Now, we know that PER and NBA Efficiency are not great metrics. Primarily, they say little about defense and seem to overvalue inefficient scoring. So I was curious if I could add any ‘basic’ stats to the regression and improve the fit. I tried some of bball-reference’s advanced stats, like offensive and defensive rating, usage, etc. Steal percentage bumped things up to .597, which was a little surprising to me. Defensive rebound percentage had a little bump whereas offensive rebound percentage did nothing. But in general, nothing else moved the needle. I then tried all the typical stats as per-48 minutes values. Fouls was a big contributor, which makes sense since you can’t play if you’re in foul trouble. Steals were again predictive. And that was about it. In total, PER, RAPM, Win Shares, ASPM, NBA Efficiency, steal percentage, fouls per 48, and defensive rebound percentage explain 65.8% of the variation in minutes played per game.

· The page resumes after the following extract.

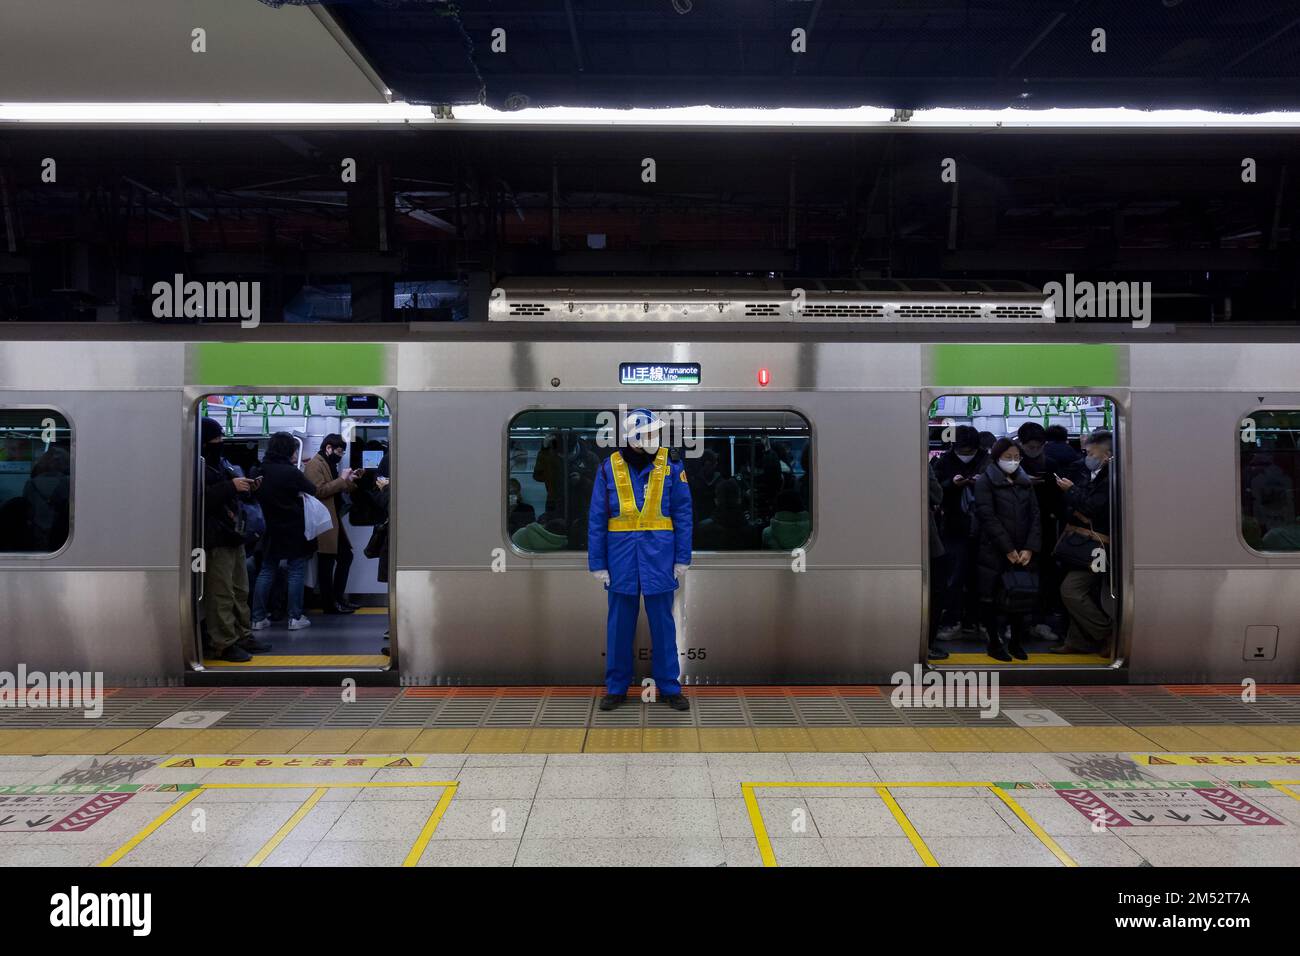 Un vecchio uomo giapponese che lavora come guardia di sicurezza sulla piattaforma della Stazione di Shibuya di fronte ad un treno della linea JR Yamanote, Tokyo, Giappone. Foto Stock

Not all of these are good things, of course. More fouls lead to fewer minutes. Interestingly, steals are also a negative; the more steals a player gets, the fewer minutes he plays in general. Of the advanced metrics, PER, RAPM, and ASPM have positive contributions while Win Shares and NBA Efficiency have negative. Keep in mind these metrics are all positively correlated with minutes and each other, so it’s more of a contrastive issue. If you have a high PER, RAPM, and ASPM but a comparatively low WS/NBA Efficiency you would be predicted to get more minutes than someone who was high on all five of them.

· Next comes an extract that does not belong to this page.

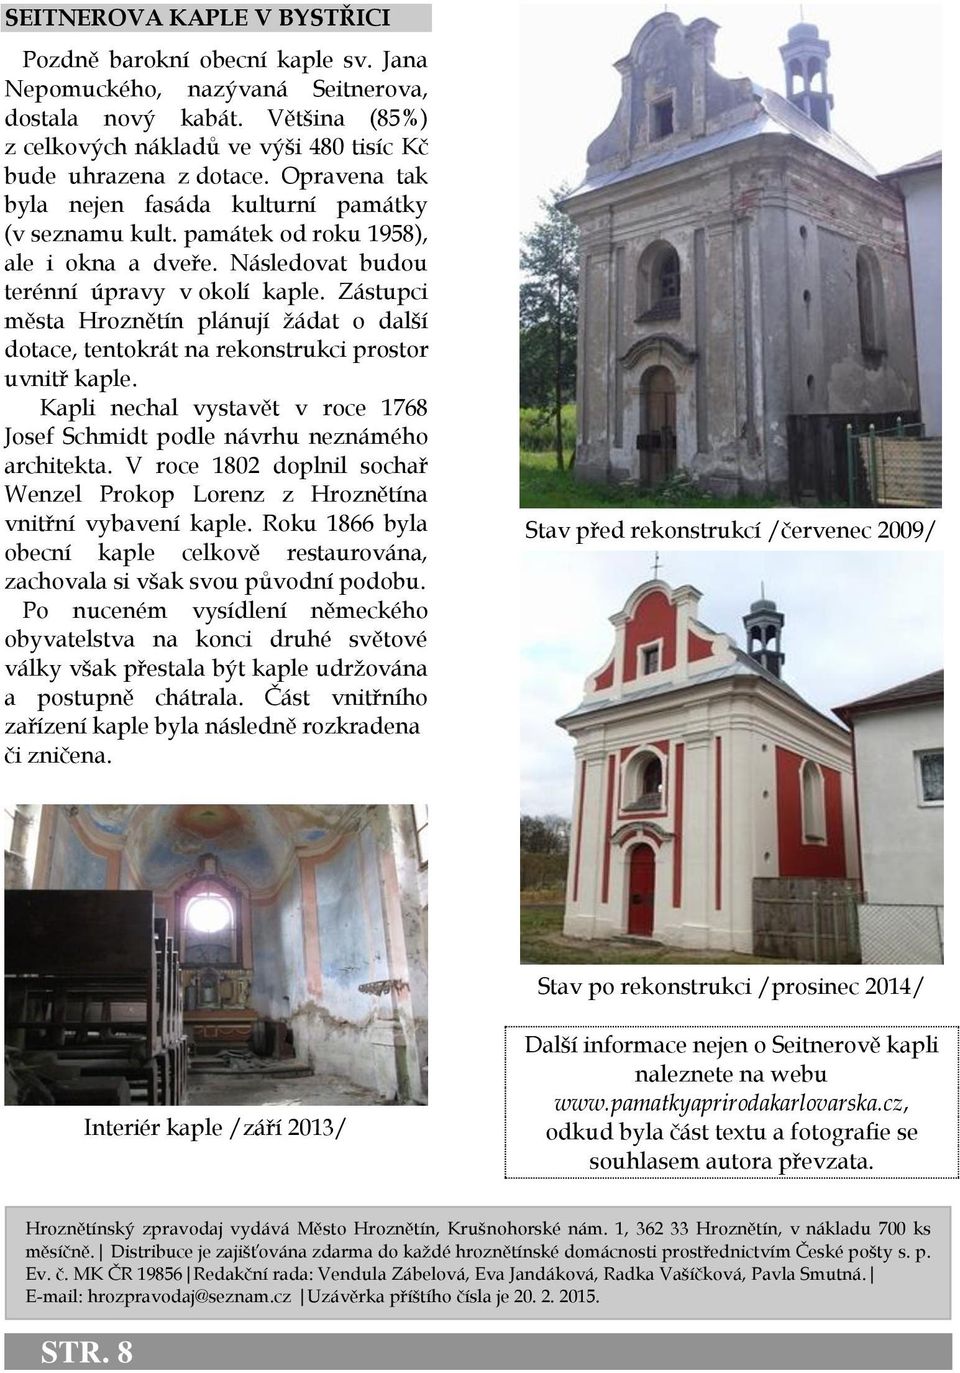 Zástupci města Hroznětín plánují žádat o další dotace, tentokrát na rekonstrukci prostor uvnitř kaple. Kapli nechal vystavět v roce 1768 Josef Schmidt podle návrhu neznámého architekta.

To provide a couple of examples, let’s look at some players from last year (I haven’t put this year’s stats in the data set yet). As a baseline, the regression predicts that a completely average player would get 25 minutes per game (of course, an average player is actually a bit above average). LeBron James played 38.8 minutes per game while the regression predicts he would play 44.7 minutes per game; LeBron is pretty good. The impetus for the post, Matt Bonner, played 21.7 minutes per game and was predicted to play 27.4. And for kicks we can look at Kobe Bryant. Last year he played 33.9 minutes per game and would be predicted to play 41.5. Plugging in Kobe’s numbers from around the interwebs, he would be predicted to play 45 minutes a game this season. Despite what you probably read from a number of sources, it isn’t surprising to see that Kobe got more minutes this year given his performance.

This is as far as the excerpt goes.